Performance impact upon increasing number of columns
I would like to know what is the performace impact upon increasing number of columns.
We are having a Vertica cluster (6 nodes) with two big fact tacles (360 column each) and they partition by date_id (365 days). we need to increase the number of column on each of the fact tables by arroud 200 columns.
question:
1. we know that teoreticly Vertica can support maximum of 1600 columns per tabel.
2. Is the insertion performance (time) will dramaticly fail? or it will decrease by the relative number of columns will be added?
3. It is possibly to say that the performance drop off (all asspect including tupple mover operations) compared to increasing number of columns
is linearly?
4. Is their a performance breaking point upon increasing number of columns?
Comments
Vertica Column Limit is at the database platform level. But there is dependency on the OS level configuration.
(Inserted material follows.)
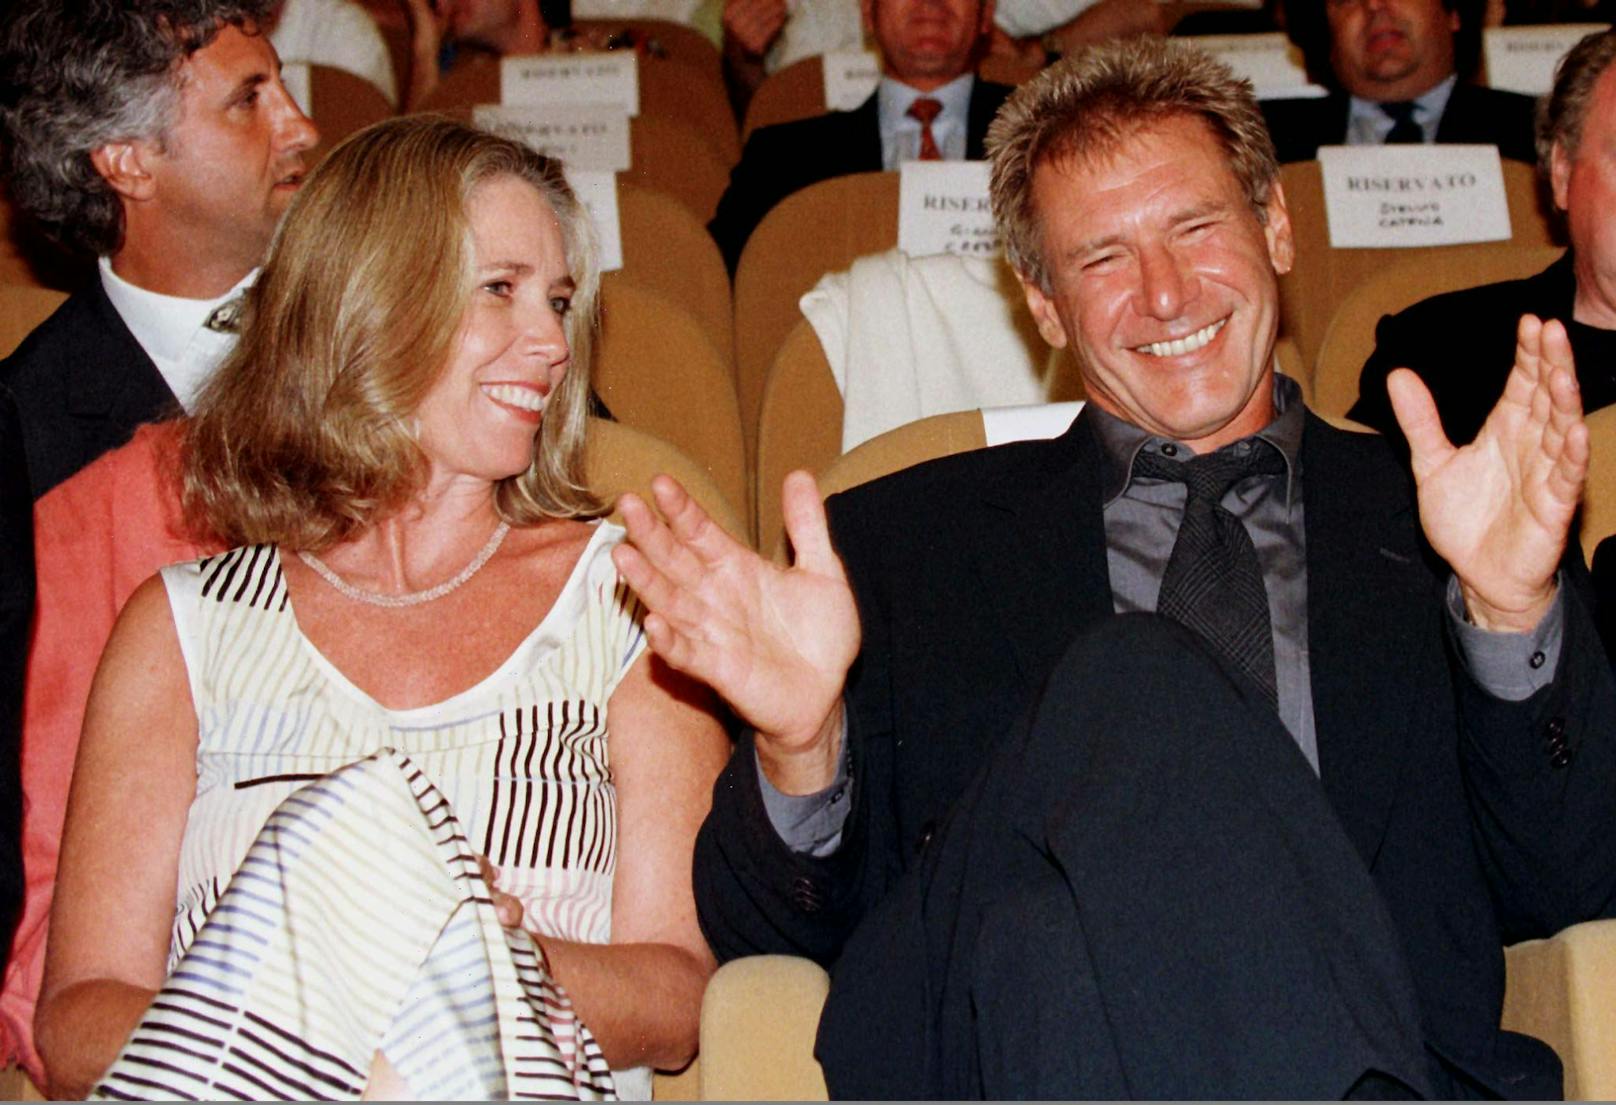 Nach 18 Jahren Ehe ließ sich die Drehbuchautorin Melissa Mathison 2004 von Schauspieler <strong>Harrison Ford</strong> scheiden.&nbsp;Als Grund gab sie "unüberwindbare Differenzen" an. Ford ließ sich die Trennung&nbsp;85 Millionen&nbsp;US-Dollar kosten.

1. So, 1600 columns will not impact anything negatively within the capacity available in the cluster. 1600 columns means effectively minimum 1600 files to handle per node. During data writes it could be multiples files before tuple mover merges the files to make ROS perform.
2. With regards to INSERT performance, whether you have 1600 columns in one table or 100 columns in 16 tables, the INSERT performance will depend on the underlying IO subsystem. The number of RAID disks used will determine the IOPS / Throughput. But in my humble opinion, keep you columns lower than max limit. Additionally this will create a single point of contention for you application that may have complicated workload.
3. Performance drop may not be happening just because of increased number of columns.
4. I do not think there is any performance breaking point. But this will be best answered by Vertica engineering folks.
best regards,
yogi